The computer gets an exact 0.5. This is the precision that needs to be paid attention to when comparing floating point numbers. Please refer to the following code:
if (0.01f * 10.0f / 0.2f == 0.5f)
cout << "yes!" << endl;
cout << "no." << endl;
The program uses * to represent the multiplication number, And/to represent the division number. F at the end of "0.01f" indicates that this is a single-precision floating point number. When the above program runs, "No." will be output .". That is to say, at this time
"0.01*10. 0 limit 0. 2" is not equal to 0.5. How can this problem be solved? We are not eager to give an answer here. What matters is that you must remember this question and understand its causes.
Tip: is the computer untrusted?
Some students once asked me that I always thought that computer computing is much more precise than humans.

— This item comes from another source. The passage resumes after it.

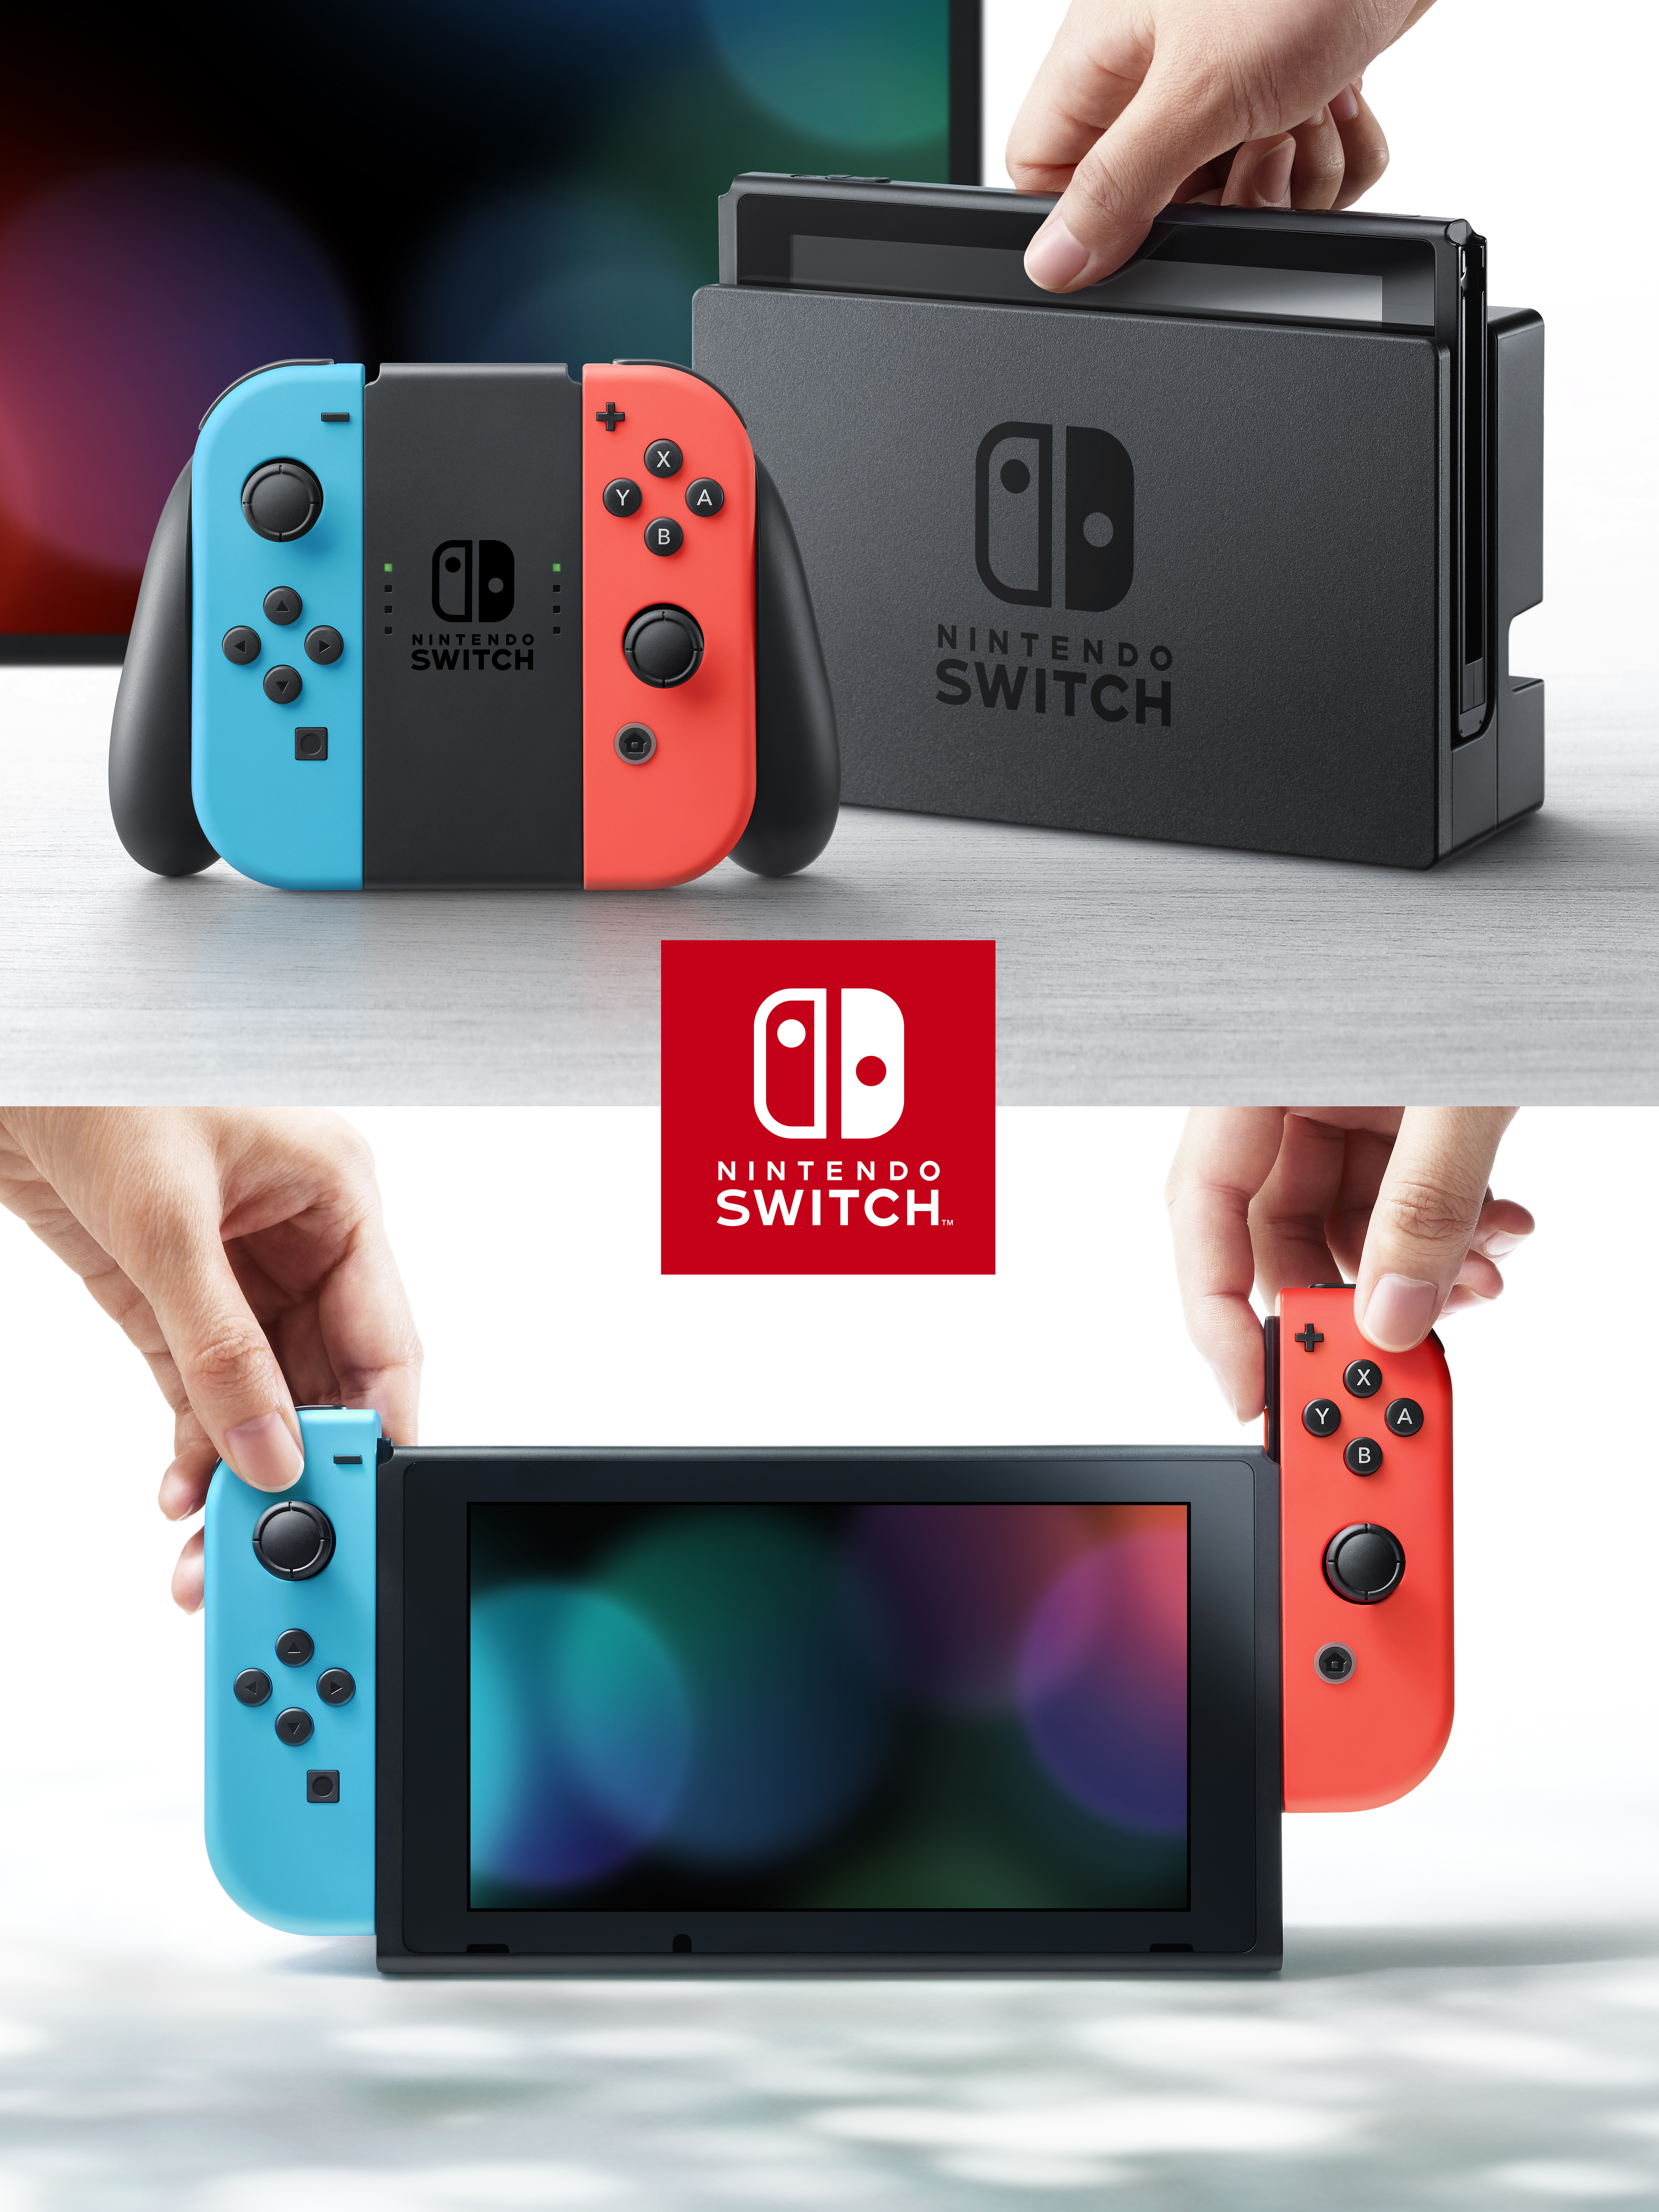 nintendo switch similar console

But today it seems that computer computing is not credible? Even a primary school student can make a mistake? Don't worry, although the floating point number is not accurate, it is also a kind of "very accurate and inaccurate", the problem is completely feasible.
Traceable query can solve the problem. In addition, I see some programmers who do not know why, I think to write such a judgment: "If (0.1 = 0.1)
... ", You have to worry about it for a long time. Don't worry. If such a judgment fails, the computer can really throw it.
Computers usually provide two precision floating-point Expression methods, one of which is not accurate, and the other is not accurate-oh, this is a bit negative, come back: "One of them is not accurate, the other is more accurate. ". Not accurate: "Single-precision floating point number", more accurate, is "double-precision floating point number ".
- Single-precision floating point number
C ++ uses the float type to represent a single-precision floating point number. It occupies 4 bytes and combines 32 bits. The bit fields occupied by symbols, indexes, and tails are shown in:
Figure 5-23 Single-precision floating-point Fields
If you write a floating point number of a literal constant in the code, add the letter F at the end of the number, for example, 0.1f or 10f. By default, c ++ uses a small number as a double-precision floating point number.
- Double-precision floating point number
C ++ uses the double type to represent double-precision floating-point numbers. It occupies 8 bytes and is 64-bit. The bit fields occupied by symbols, indexes, and tails are shown in:
Figure 5-24 double-precision floating-point Fields
If you write a number in the code without decimal digits, the default value is integer. For example, 10. If you add a decimal point, for example, 10.0, and no trailing letter F, c ++ treats it as a double type.
The above is not all about floating point expression. Many conventions are required to express a floating point number. When writing a C ++ program, we only perform bitwise operations on the data of the integer type (including int, long, Char, and so on, we will only talk about this for the time being.
Classroom assignments: floating point Precision exercises
Use the aforementioned "0.01x10. 0 limit 0. 2" code to determine whether it is equal to 0.5 code and write it into a console test project. Test the float and double types to see if the results are different.